A fortiori, it is not necessary that the vendor be the absolute owner of the property at the time
he enters into agreement of sale because the owner of the land, is as much the subject of
sale as is the land itself, and whenever one is so suited with reference to a tract of land that
he can acquire the title thereto, either by the voluntary act of the parties holding the title, or
by proceeding at law or in equity, he is in a position to make a valid agreement for the sale
thereof, without disclosing the nature of his title. (55 American Jurisprudence, 480).
(Emphasis ours)

The above principles express the same the ideas in articles 1462 and 1459 of the New Civil Code.

Therefore erroneous is the ruling that, because executed before Canuto Martin became the owner,
Exhibit D, was null and void. Consequently, as Reyes voluntarily agreed under Exhibit D, to
repurchase at P14,000, she should not repurchase at any other price.

Now, have the respondents properly exercised their right to repurchase?


The Court of Appeals stated that in December 1941, Maria Reyes accompanied by Marcela Mota de
Malonso went to the office of La Previsora, not for the purpose of repurchasing the property, but to
ask for extension of the period. Nevertheless, that Court opined that inasmuch as the complaint to
compel repurchase had been filed on January 2, 1952 within the sixty-day period mentioned in
Exhibit E, the vendors had preserved their redemption option. Upon a move to reconsider, the Court
of Appeals amplified its decision saying,

In view of the refusal of Atty. Pete A. Revilla who was acting in behalf of appellee Canuto
Martin, to receive any amount less than P14,000, nor to accept in behalf of the La Previsora
Filipina, claiming that the latter's right were already ceded to appellee Canuto Martin, we
hold that the question to the efficiency of the amount offered at the time is not as vital to the
issue as the necessity of making one. . . . We find that the plaintiff Maria Reyes,
accompanied to one Marcela Mota de Malonso did make an offer to redeem the property in
the property days of December, 1941. Whether or not the amount they had on that occasion
was sufficient to redeem the property at P8,204.60 or P10,204.60 is not vital to the
preservation of the rights of the plaintiff's in view of the refusal to accept any amount less
than P14,000.

Having declared that Exhibit E was valid and that the repurchase had to be made at P14,000, we
must necessarily conclude that under the above findings of the Court of Appeals the right to
repurchase had not been preserved.

Nevertheless, let us suppose for the moment that the rights of Revilla and Reyes are governed by
Exhibit E only-not by Exhibit D.

From the findings of the Court of Appeals it is to be deduced that in December Maria Reyes offered
to redeem for less than P8,204.60. The decision of the court of first instance says "all the money she
had at that time was P7,000."

Now then: the repurchase price was P8,204.60 (on the supposition that Exhibit E governs the
parties' rights); Maria Reyes offered to repay in December P7,000 only. The fact that she was told
Canuto Martin wanted P14,000, does not excuse her obligation to offer, within the time stipulated,
the full price for the repurchase: P8,204.60. If it was her theory and position that she had a right to
redeem from La Previsora in accordance with Exhibit E, she would have acted in accordance
therewith by offering P8,204.60 to La Previsora entirely disregarding the demands of any other
individual. Undoubtedly, she failed to offer that amount.
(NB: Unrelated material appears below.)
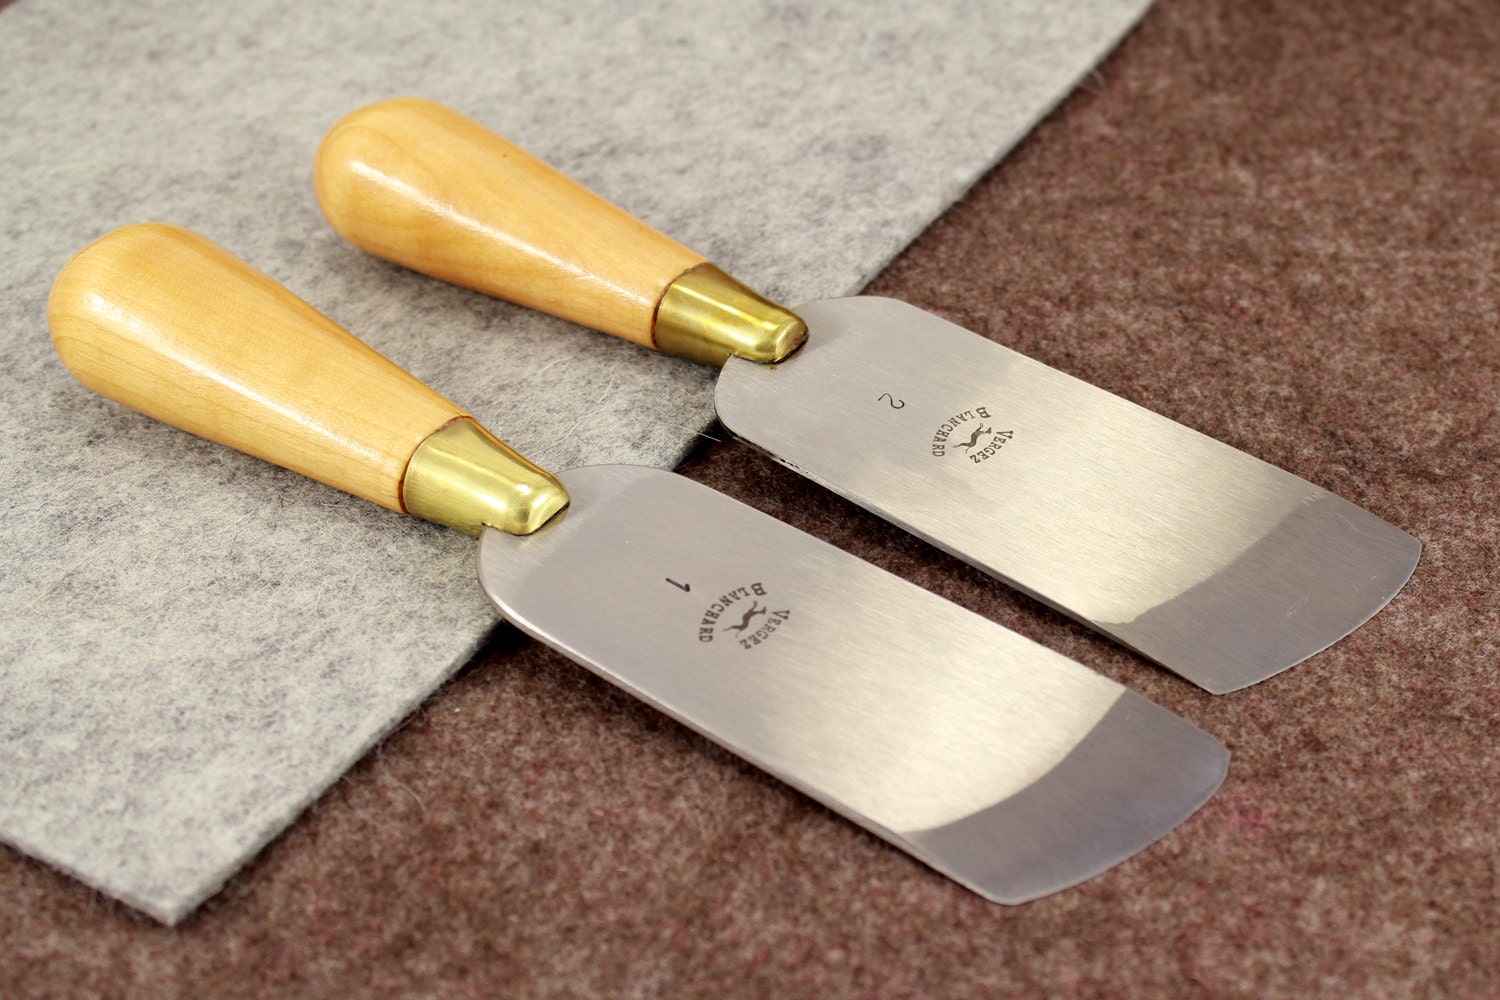 Edger/skiving tool for leather, vergez blanchard
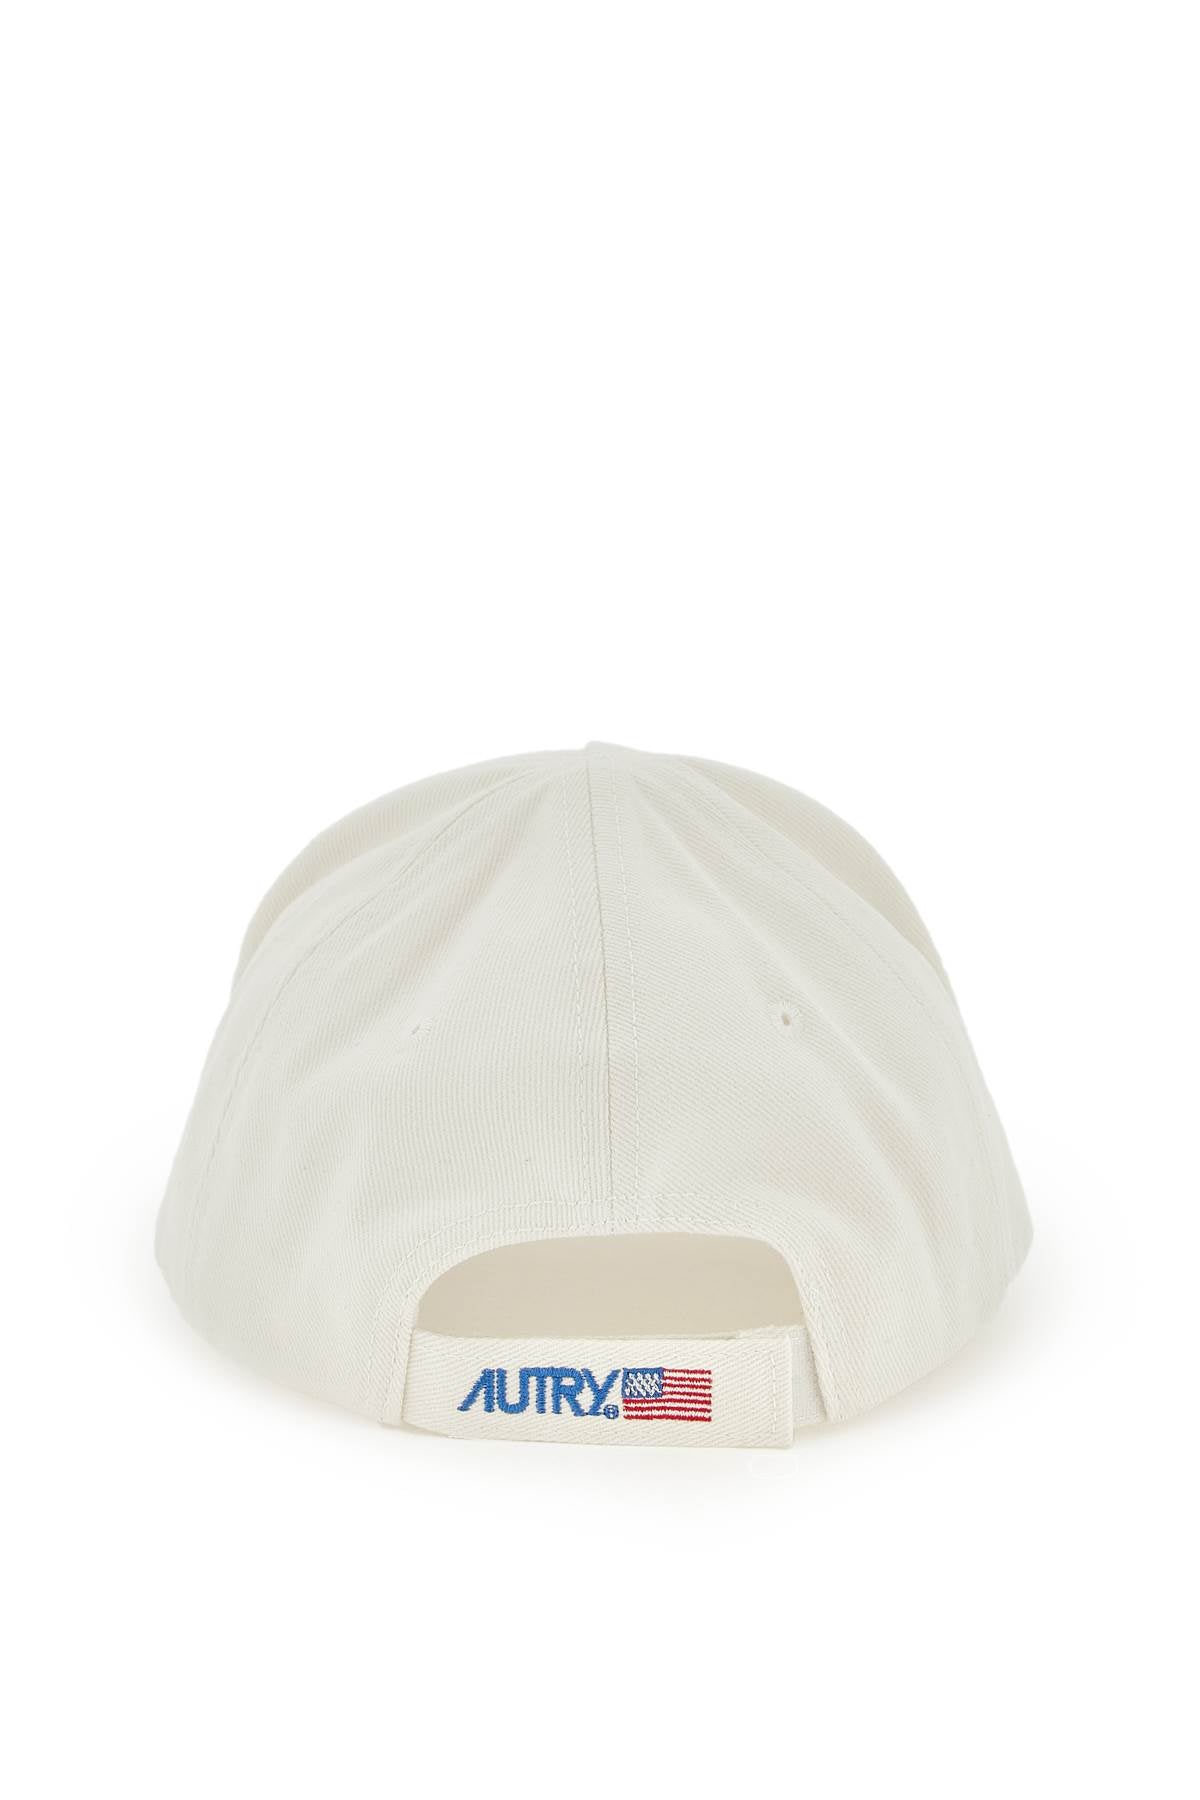 Autry 'iconic logo' baseball cap-2

Furthermore, there is no evidenceand the Court of Appeals did not findthat Pedro Revilla was
actually authorized by La Previsora to refuse to repurchase at P8,204.60.

Needless to add, the date of filing of the complaint is immaterial, so long as it is filed within the
period of limitations, its purpose being to enforce a right which must be established within the time to
repurchase.

Wherefore with the declaration that option to repurchase, whether under Exhibit E or under Exhibit
D, had not been asserted to the proper time, we hereby absolve the petitioner Canuto Martin from
the complaint. Costs against respondents.

Pablo, Padilla, Tuason, Montemayor, Bautista Angelo, and Labrador, JJ., concur.